15 thoughts on “Top 4 Progress Killers

  1. I love this article/summary. Thanks for sharing your valuable thoughts.

    I have been thinking a lot about the harmful effects of too much bureaucracy lately. I think that every human in every society would be far more prone to start ideas without such a great web of bureaucracy, most of which would fail, but some of which would add great value to the world. It would probably be good idea to progressively cut the demands for bureaucracy the smaller an organization/business is, and demand virtually nothing at the bottom – so that people get started. Today it seems it is almost the opposite. In many cases it seems smaller companies are low hanging fruit for regulators, whereas great corporations can always get away, and even if they are fined it doesn’t harm them – and to them fines can even be budgeted for. Such a system indirectly shields dinosaurs while it harms evolution.

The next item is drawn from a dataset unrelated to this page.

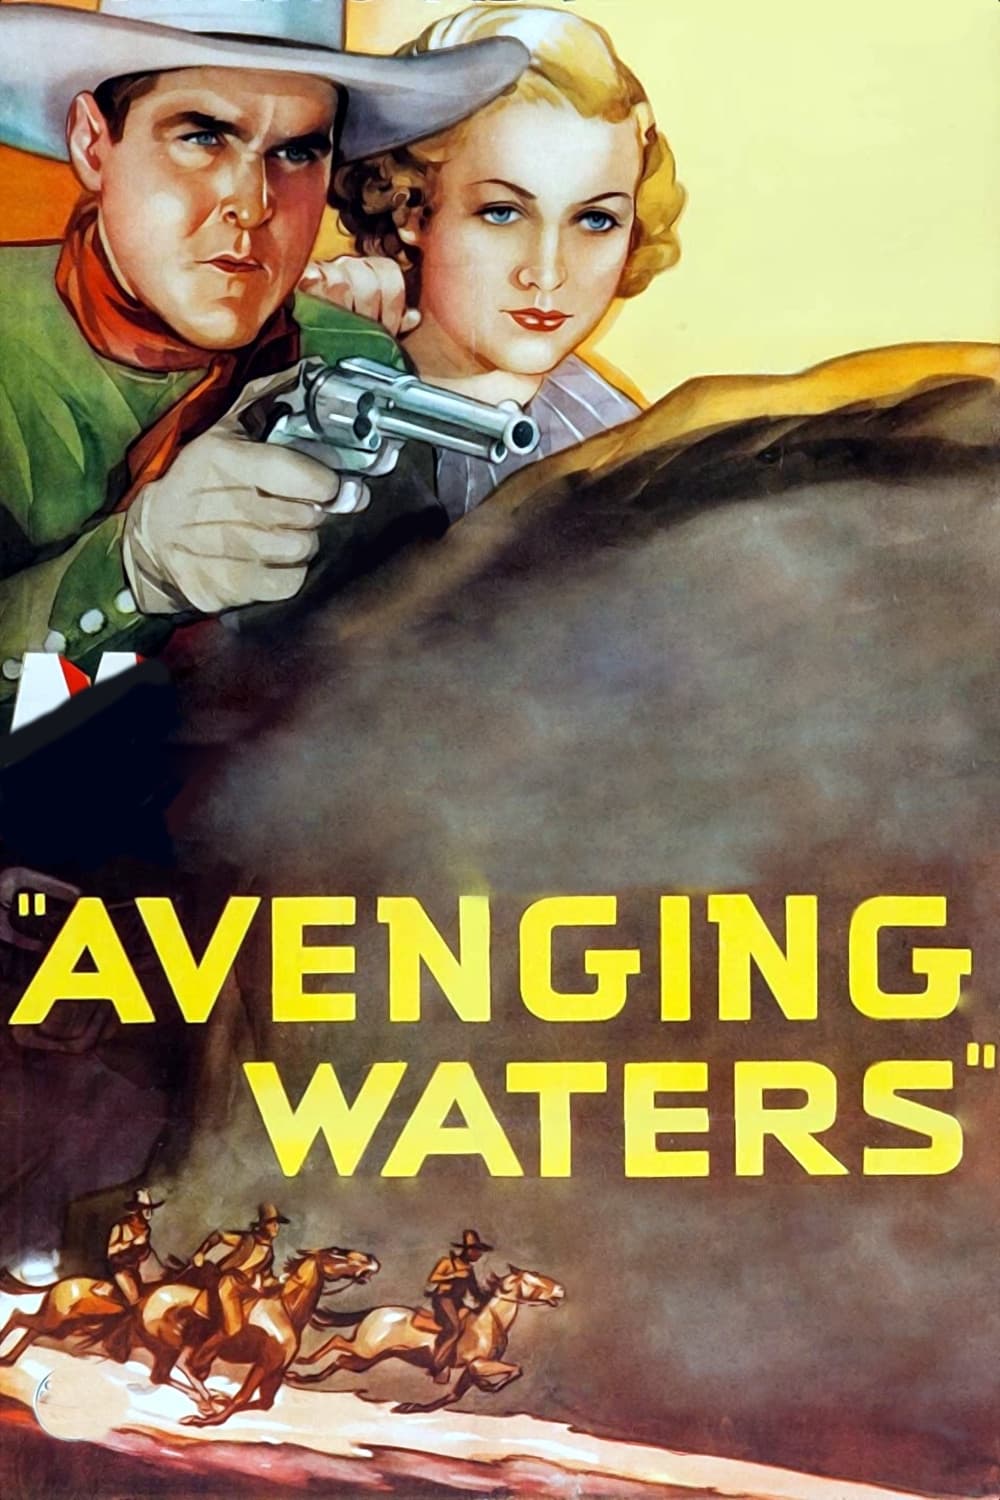 Avenging Waters (1936)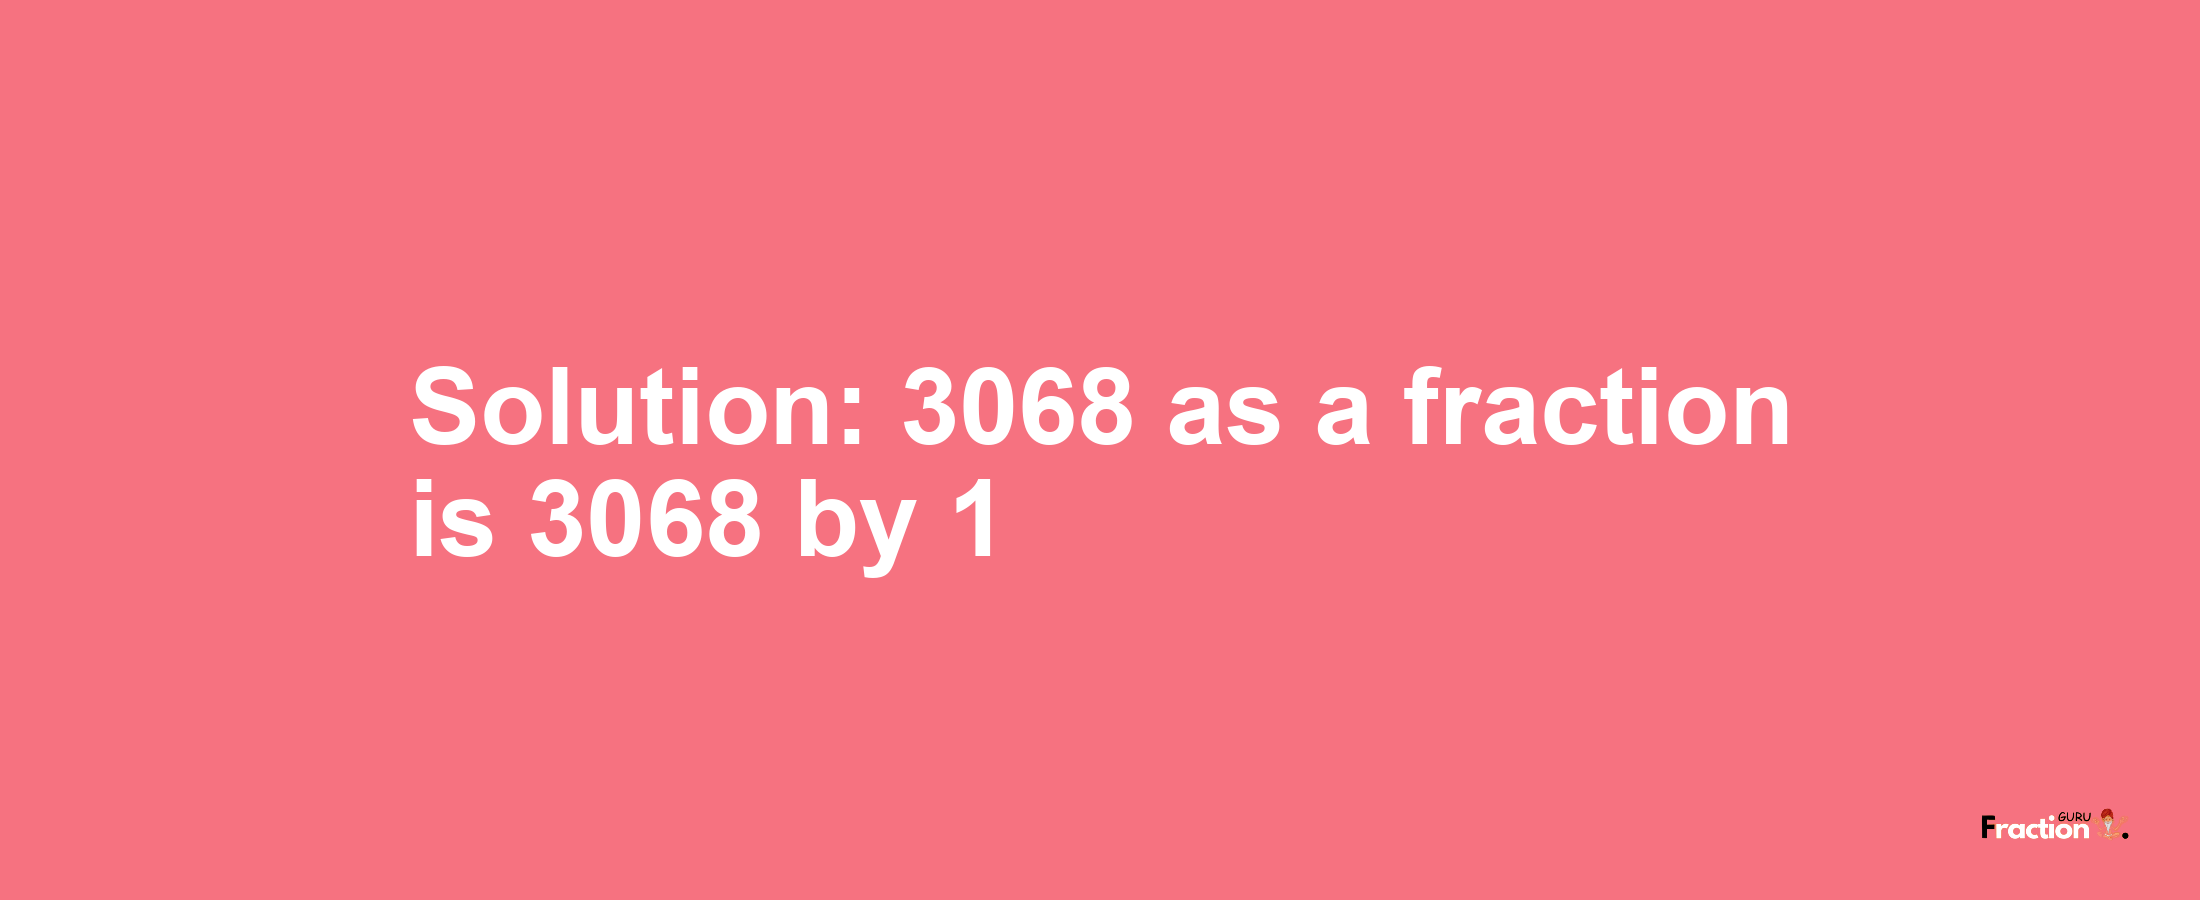 Solution:3068 as a fraction is 3068/1

    Maybe that kind of bureaucracy wasn’t exactly what you had in mind, but still.

    I actually think I’ll bookmark this post, which I very rarely do.

    Have a great day! / Oscar/Fomtriok


    1. Hey Oscar! You’re very welcome.

      Although that’s not quite the way I was describing it, I totally agree with you! It seems almost unfair when a company is so big that they barely feel the effects of penalties, but at the same time, they earned that position. It’s tough and I certainly don’t have all the answers. One thing that I I strongly believe in though is that the human race will continue to grow and progress as a result of continued innovation. We need people to start companies, have wild ideas, and push the limits. I hope that we can continue to grow the incentives or help reduce risk.

      I really appreciate your thoughtful comment and the kind words. Thank you.


  2. Since the future is uncertain, no plan can be perfect. It is good to give some thought to issues that could occur and how to mitigate those issues (Risk Management). You have to be ready and willing to update the plan, if necessary.


    1. Agreed. We don’t just wanna go into things blind. Do the best you can with the information available and recalibrate for each additional piece of information. 🙂


  3. Really nice piece Evan!

    There’s always a reason to not do things, maybe it is the easier option – But we usually see the rewards by overcoming these obstacles.

    Keep up the good work – Looking forward to reading your other articles 🙂


  4. Tips #1 and #2 are invaluable. I’ve lagged on projects just because I was waiting for the perfect time or idea to execute, only to realise that actually doing it, no matter how ready or not I feel, is the best way to move forward.

    You have a beautiful site and great articles. Thanks for sharing, Evan!